TASK REQUIREMENTS: Skip the pictures. Transcribe the rest of the data below without changing a word.

SUPPLIED INFORMATION:
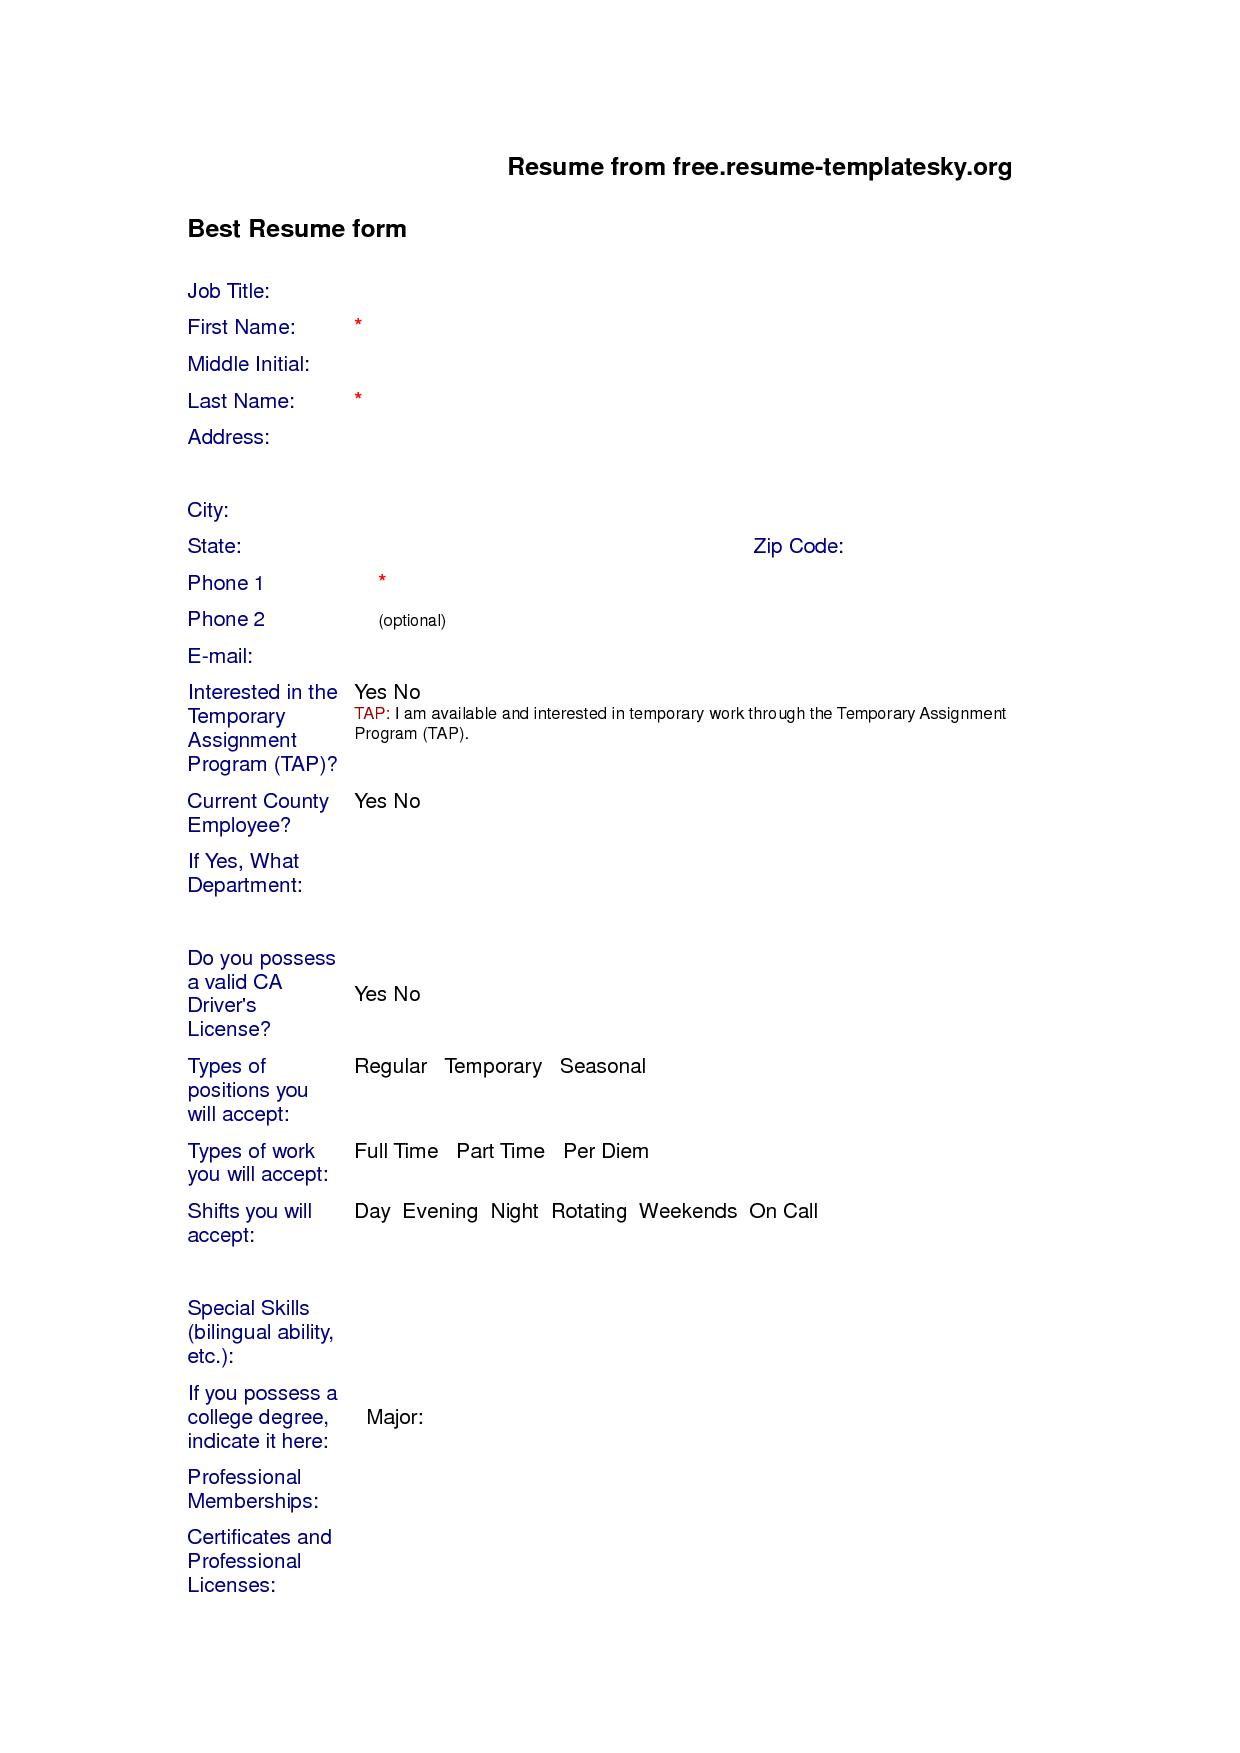 Resume Format Sheet Resume Format Downloadable Resume Template Resume Format Free Download Resume Format Download
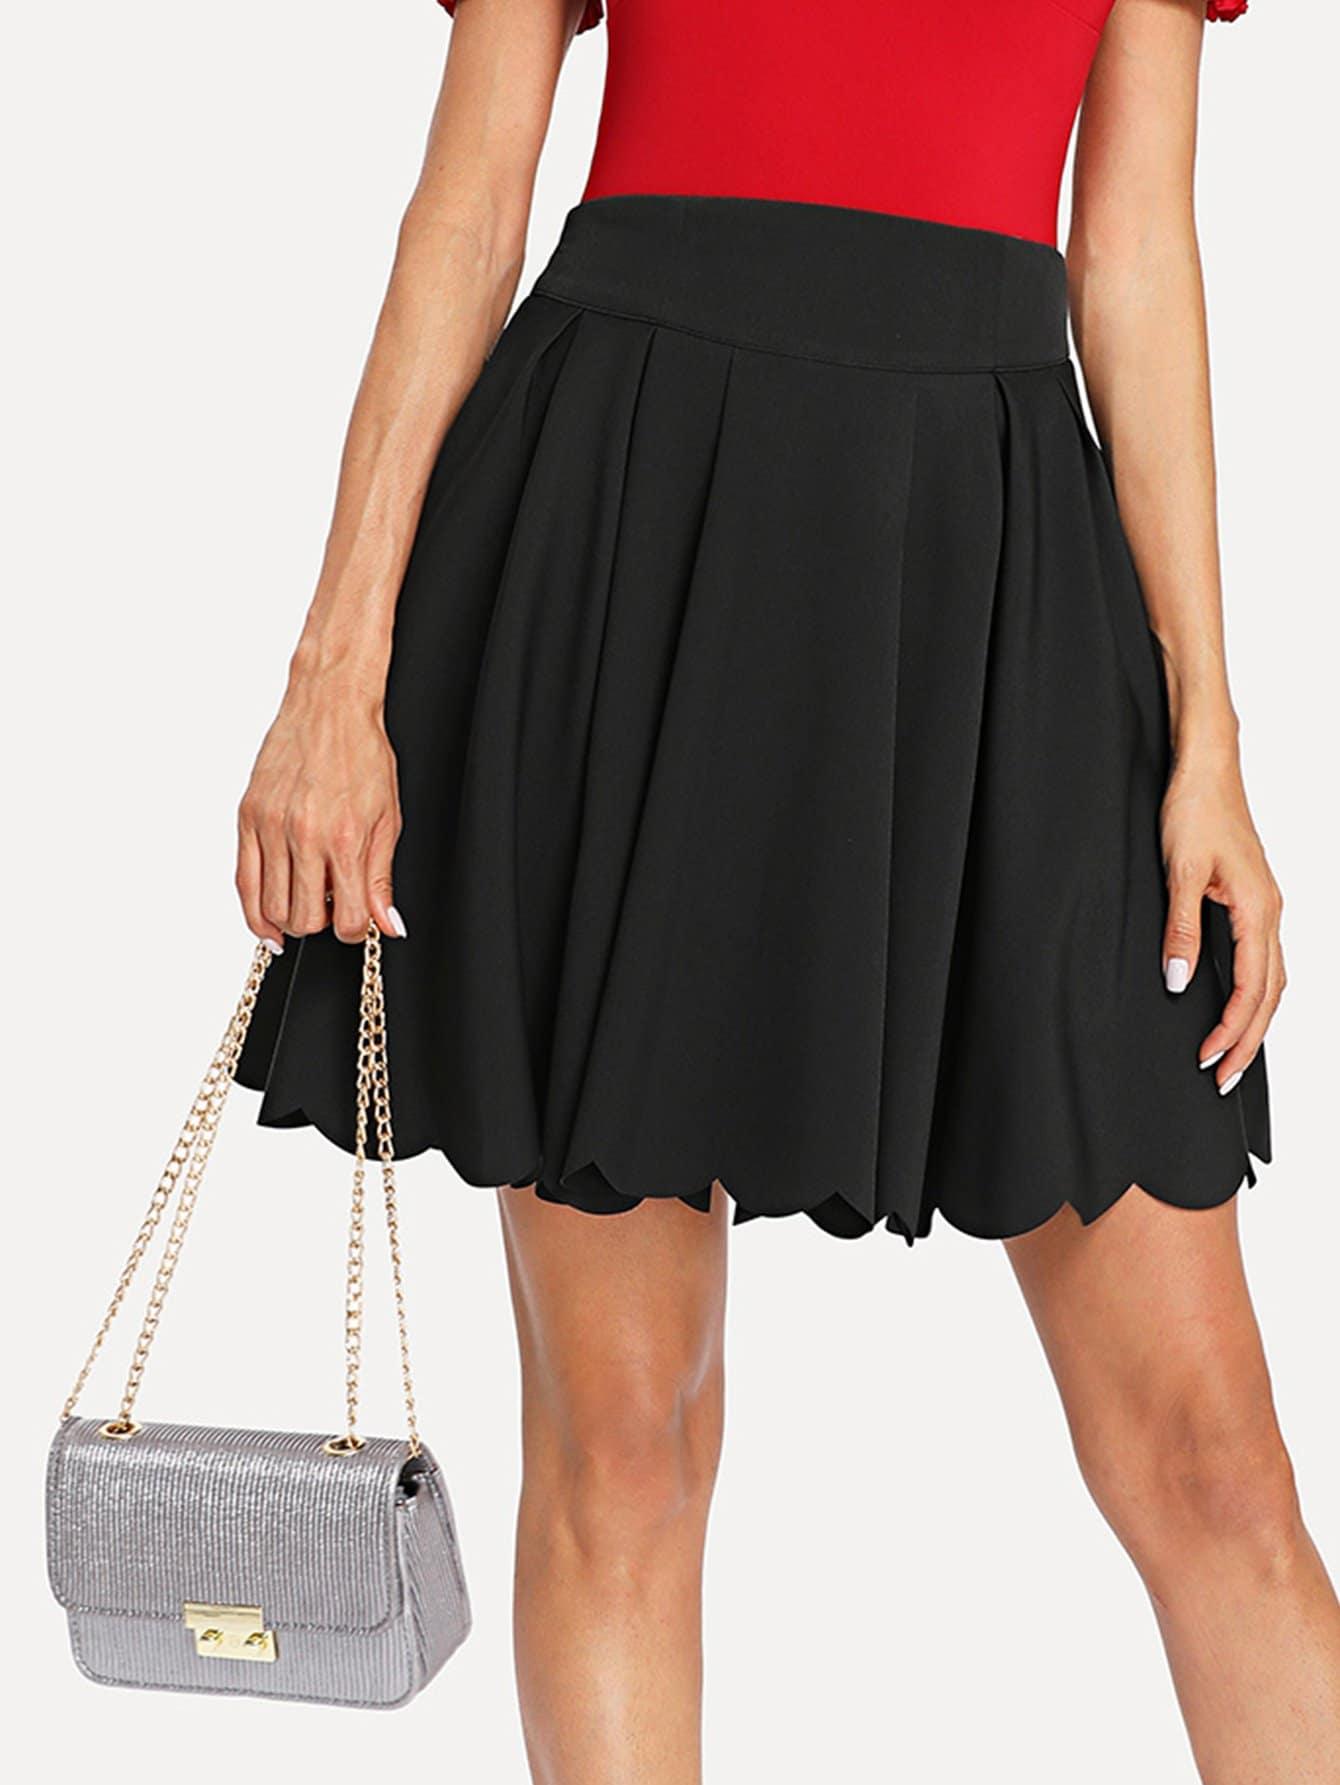 Scallop Edge Box Pleated Skirt box pleated grid skirt
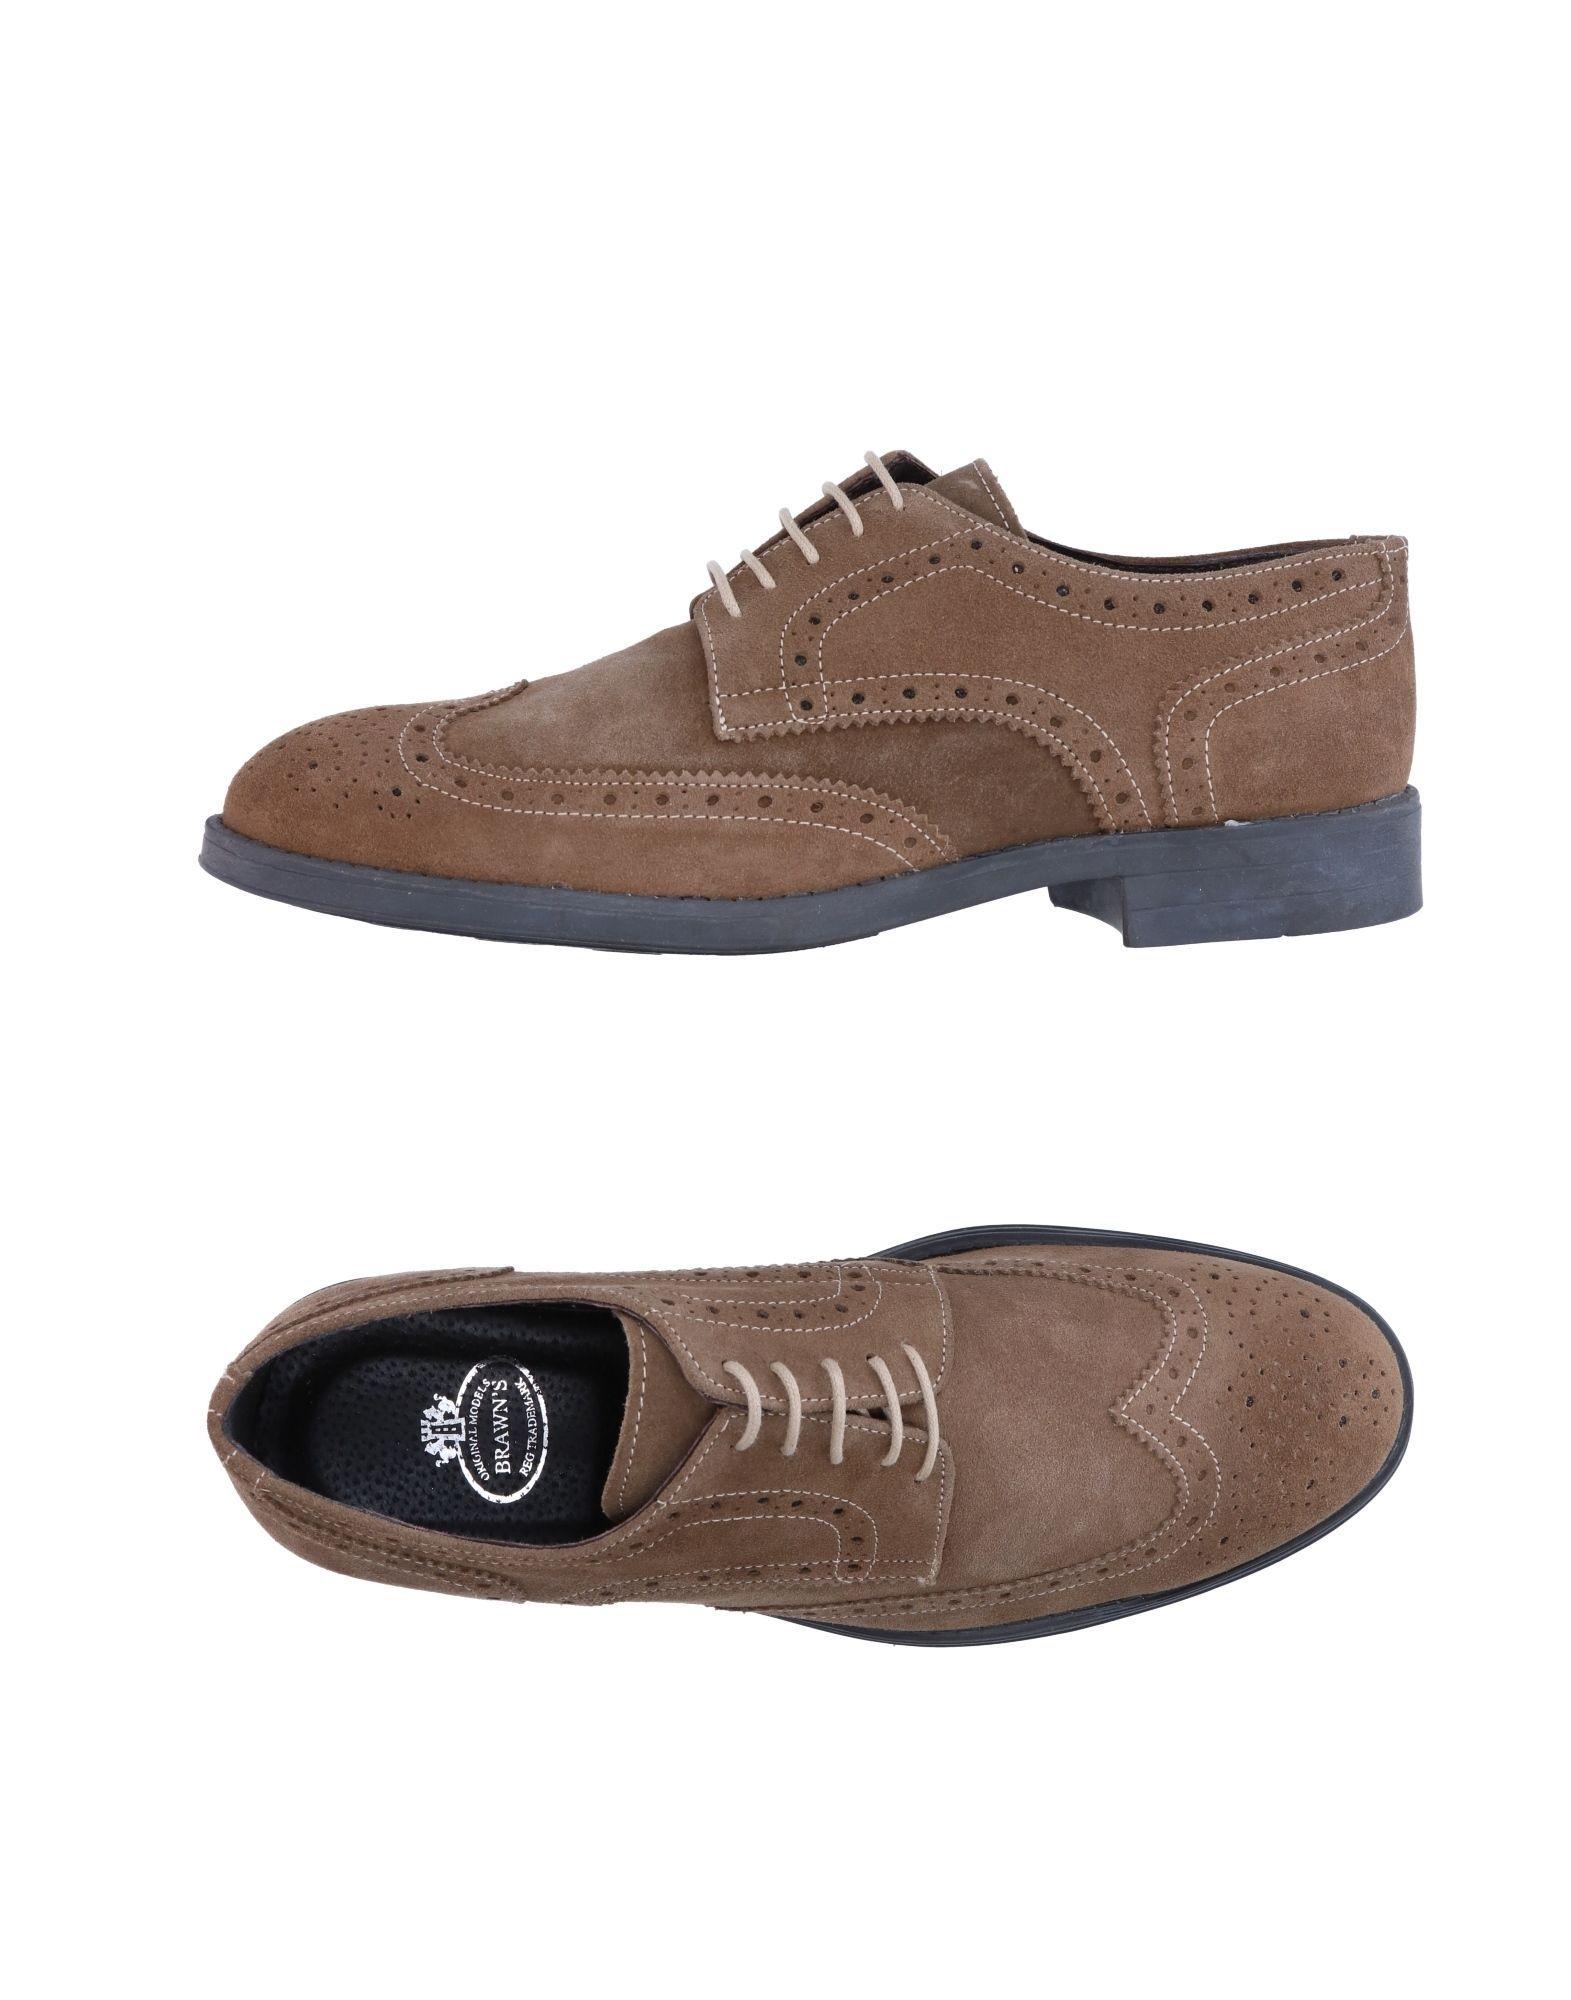 Brawn's Khaki Leather Lace Up Shoes

TASK RESPONSE:
 Resume Format Sheet Resume Format Downloadable Resume Template Resume Format Free Download Resume Format Download
 Scallop Edge Box Pleated Skirt box pleated grid skirt
 Brawn's Khaki Leather Lace Up Shoes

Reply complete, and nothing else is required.